Located 28 miles north of Taos, New Mexico, people have always been drawn to Río Grande del Norte due to having some of the most spectacular lands and public hunting & fishing habitat in all of New Mexico. Just above the Colorado border, the Rio Grande cuts into the Servilleta lava flows that make up the Taos Plateau. Further south, at the New Mexico state line, the gorge is 150 feet across; the river 200 feet below. The gorge expands as it continues south, west of Questa, reaching over a half mile wide with the Rio Grande appearing as a glinting green ribbon 800 feet below. by the flowing water through the scenic Rio Grande Gorge and incredible wildlife and hunting opportunities.

The Río Grande del Norte National Monument’s extraordinary array of scientific and historic resources offer opportunities to develop our understanding of the forces that shaped northern New Mexico, including the diverse ecological systems and human cultures that remain present today.

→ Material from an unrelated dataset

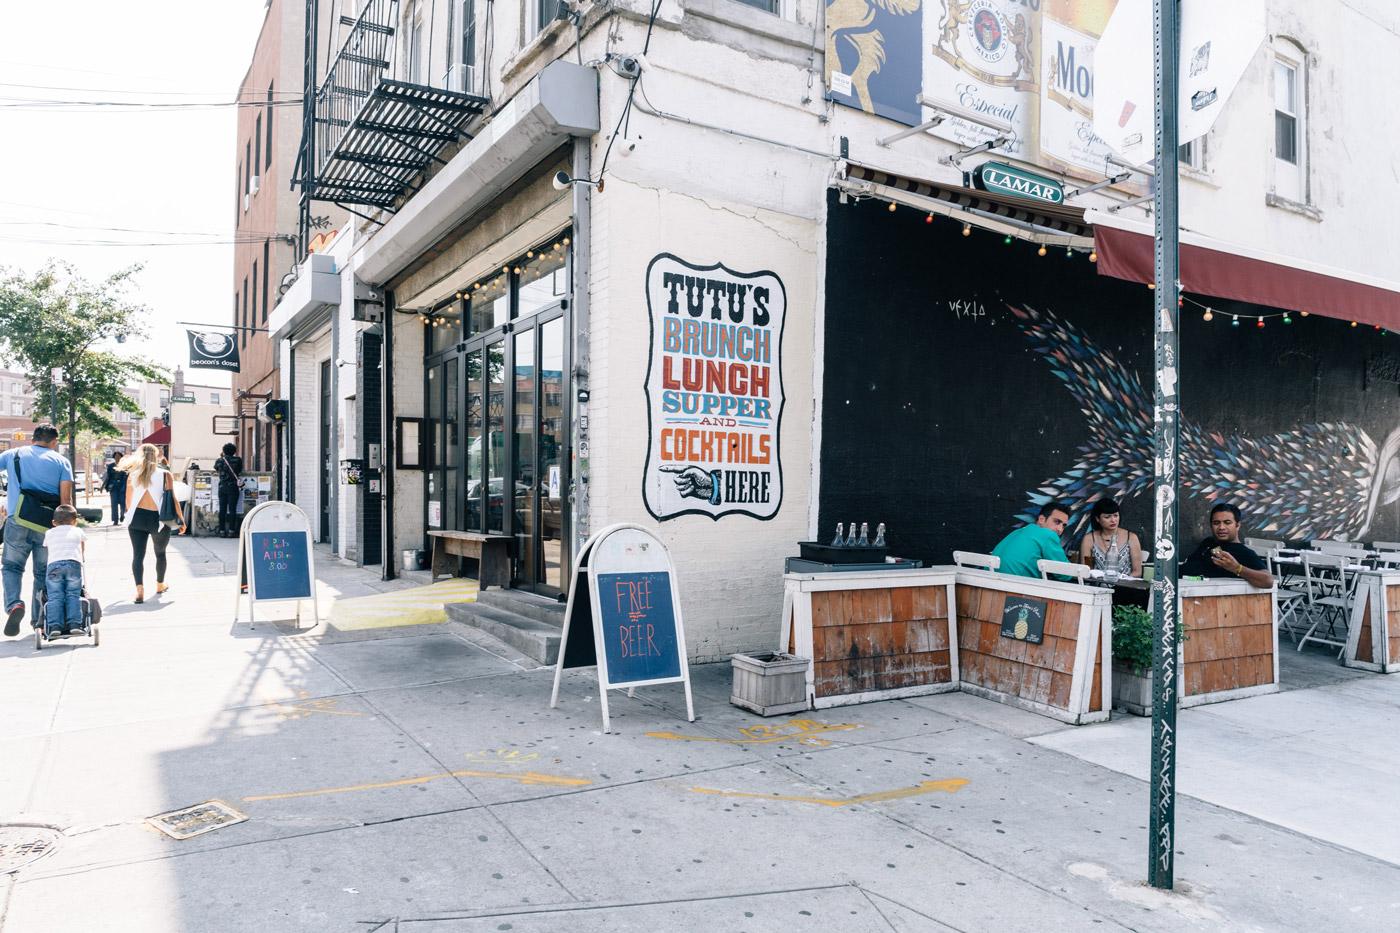 Dining at Tutu's in Bushwick, Brooklyn

The Río Grande gorge lies within the traditional area of the nearby Taos and Picuris Pueblos, as well as the Jicarilla Apache and Ute Tribes. With thousands of archaeological sites associated with a diverse range of cultural traditions that span at least 11,000 years of human occupation. Early prehistoric sites attest to the importance of this area for hunting and as a sacred site.

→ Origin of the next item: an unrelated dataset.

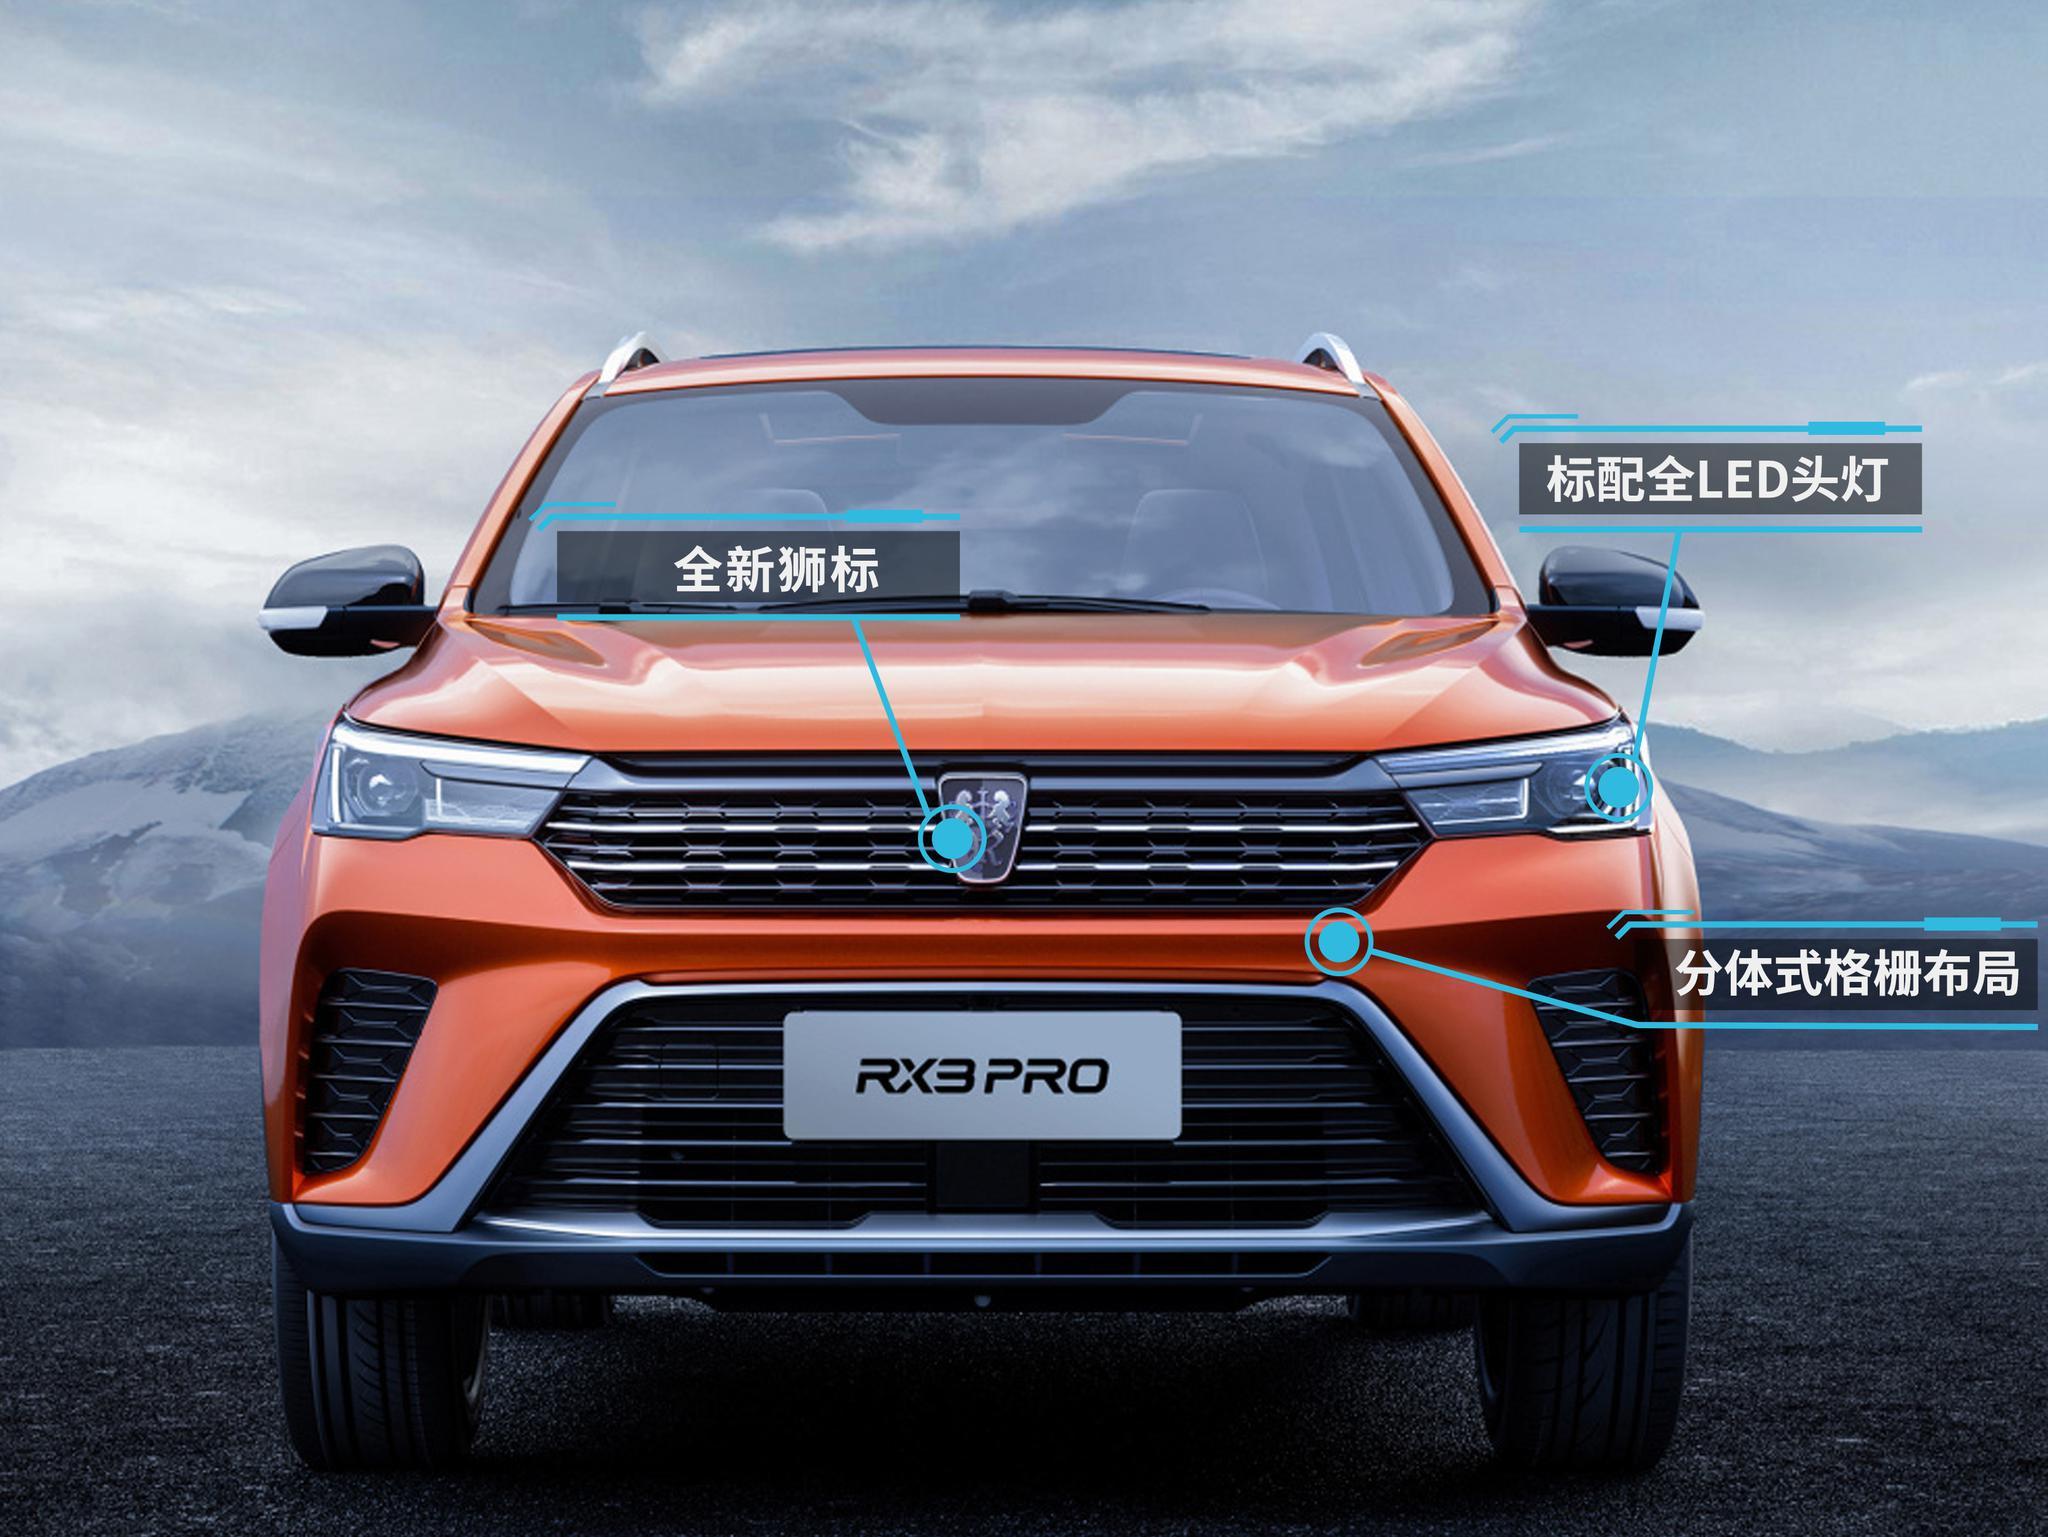 新设计/新配色 荣威小型SUV RX3 PRO官图发布

Recent artifacts and images mark the passage of Colonial Spanish explorers, Mexican Land Grant families and Early Anglo-American settlers. Ongoing explorations and inquiries of this unique cultural landscape have resulted in continuous discoveries that further illuminate northern New Mexico’s human history.

For current day visitors, the national monument offers nationally recognized opportunities for whitewater rafting, climbing, bird watching or relaxing. The area is prized for its destination-quality hunting and its fishing opportunities for a variety of trout species in the scenic gorge. The absence of designated trails provides solitude in the Ute Mountain area, even on busy weekends.

The Río Grande provides more than stunning cliffs and great recreation: It’s also an important stop along the Rio Grande Migratory Flyway. The dry plains along the Río Grande are home to eagles, hawks, bears, cougars, elk, pronghorn, and bighorn sheep. In addition to the rich wildlife of the area, the plant life ranges from piñon, white pine, and Douglas fir covering Ute’s slopes to the blue grama and western wheatgrass of the plains.

The Río Grande del Norte National Monument was designated on March 25, 2013. In the first year following the designation, there was a 40% increase in visitation and economic data showed the Town of Taos Lodgers’ Tax Revenue increased by 21 percent in the second half of 2013 compared to the same period of 2012, amounting to an increase of nearly $100,000.

Public Input

The Rio Grande del Norte has benefited from an extensive and transparent community process which engaged local, state and national interests. Elected officials at the local, state and national levels, including the Taos County Commission, Town of Taos, City of Santa Fe and the New Mexico congressional delegation all worked in support of a National Conservation Area, and when legislation failed to advance in Congress, the community embraced pursuing support for both a national conservation area or a national monument.

In 2012, an economic study evaluating the economic impact of a national monument designation showed that a designation could lead to an increase of approximately $15 million in regional economic activity. This led to even more support from the business community as seen by the support from the Mora Valley and Taos Green Chambers of Commerce, the Taos Business Alliance, the Taos Tourism Council and more than 100 local business owners for permanent protection of the area.

New Mexico Wildlife Federation, Trout Unlimited and other sportsmen organizations, the New Mexico League of United Latin American Citizens and area ranchers all expressed support for the designation during a public meeting with Interior Secretary Ken Salazar in December 2012.

In January 2013, the Taos Pueblo passed a resolution of support in favor of either a national conservation area or a national monument.